If you have an allergy to bedbugs, the level of itchiness from their bites will be the key distinction. If the bites are extremely uncomfortable, you are probably experiencing an allergic reaction. In this case, it is advisable to seek medical attention to address and manage your reaction effectively.
Bed bug rash
Numerous skin conditions bear resemblance to bedbug bites. These include hives, fungal infections, and heat rashes, all of which manifest as red bumps and can be easily misidentified as bedbug bites.
If you’re not sure, look for signs of a bed bug to confirm you’ve been bitten, or seek your doctor’s advice.
How to eliminate bed bugs permanently?
To eliminate bed bugs, you can begin by implementing a series of measures within your own home:
- Wash bedding, curtains and clothes in hot water, and dry them on the highest drying temperature. Place shoes and other unwashable items in the dryer, and run it on high heat for 30 minutes or more.
- Use a stiff brush to scrub the layers of the mattress to remove bed bugs and their eggs before vacuuming.
- Vacuum your bed and the surrounding area daily, including the windows. Next, place the vacuum cleaner bag in a plastic bag and place it in the trash outside immediately.

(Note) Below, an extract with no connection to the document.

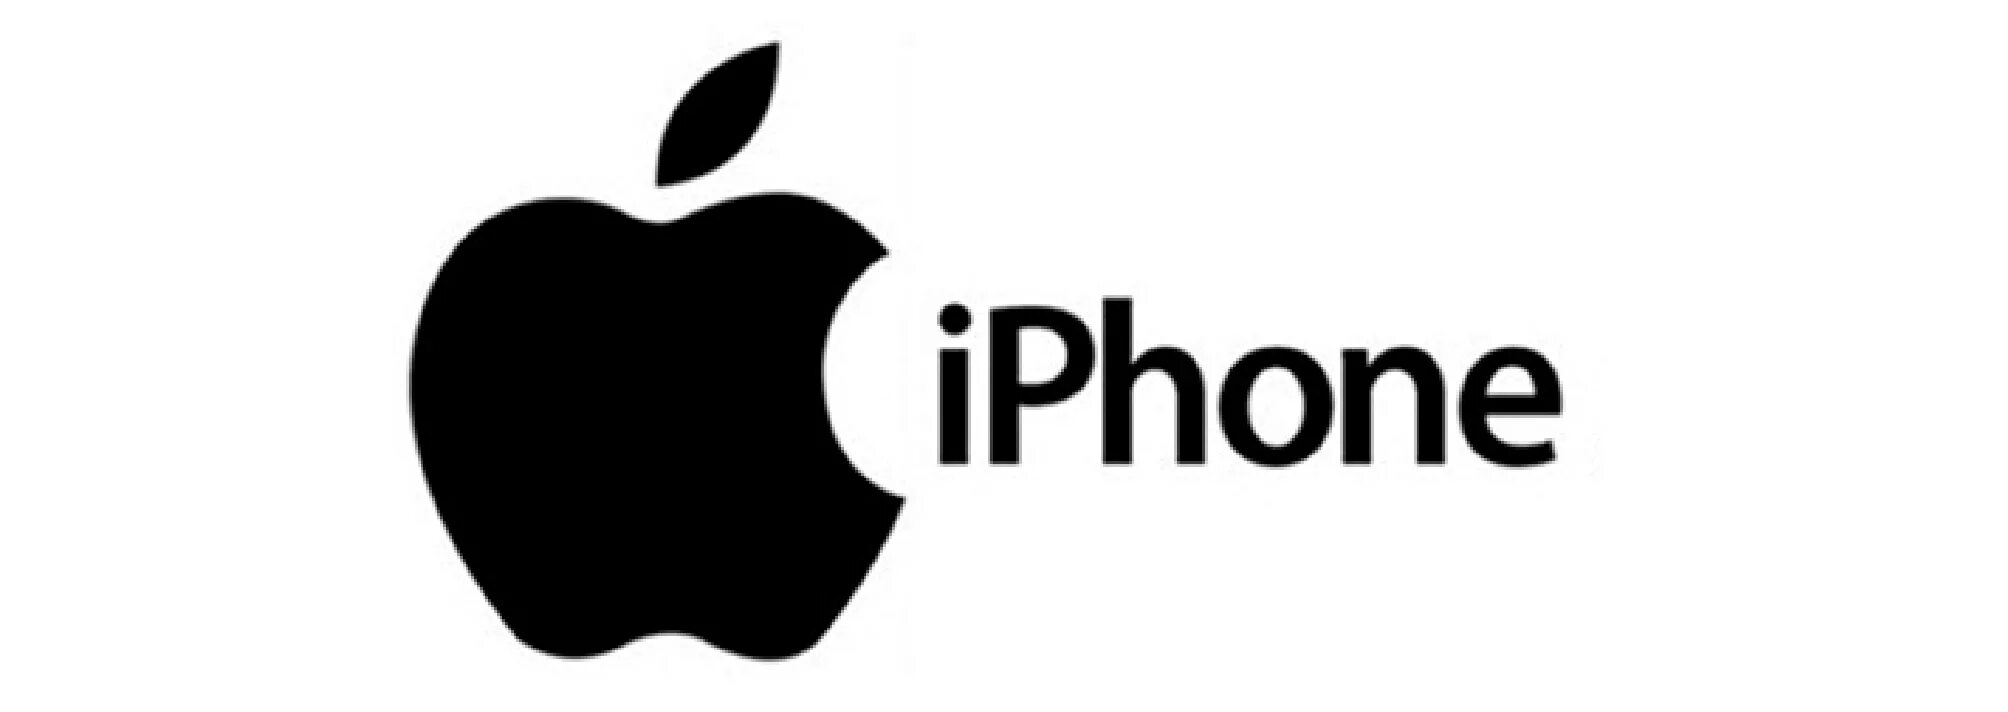 Эмблема айфона. Надпись айфон. Торговая марка Apple. Товарный знак айфон. Создание логотип на айфоне

- Place a tightly woven, zippered cover over your mattress and box spring to prevent bedbugs from entering or escaping. Bed bugs can live for several months without feeding. So keep the cover on your mattress for at least a year.
- Repair cracks in plaster, and paste peeling wallpaper to eliminate places where bed bugs can hide.
- Get rid of the clutter around your bed, and move your bed away from walls and other furniture.
- If you live somewhere hot, you can put your items in a sealed bag and leave them in your car to warm up in the sun.
- If your mattress is infested, you may want to get a new one. But first, take the above precautions for the rest of your home so bed bugs don’t get on your new mattress.
Getting rid of bed bugs often requires chemical treatments. Make sure you use only approved insecticides whose labels indicate they are intended for bed bug control.
Do not treat mattresses and bedding unless the label specifically states that it can be used on bedding, and never apply it to your body.
How to prevent bedbugs
Some ways to stop bed bugs (and their bites) include:
- Use a protective cover on the mattress
- Reduce clutter in your bedroom so bed bugs don’t have many places to hide.
- Vacuum regularly, including your mattress, carpets, curtains and upholstered furniture.
- When you stay away from home, place your bag on a suitcase stand, dresser, or table instead of the bed or floor. When you get home, wash all your trip clothes and dry them in a hot dryer.
- Wear long-sleeved pajamas and long pants to protect your skin from bites.
- Inspect used upholstered furniture carefully before bringing it inside.
- Avoid used mattresses and bedding
- Use plastic bags to hold your clothes and linens while using shared laundry facilities. Bring clean clothes home to fold, if possible.
- If you live in a multi-unit building, install screens under your doors and seal cracks around the panels.
When do you see a doctor?
If you have symptoms other than itching, such as blisters, or you think you may have an allergic reaction, contact your doctor.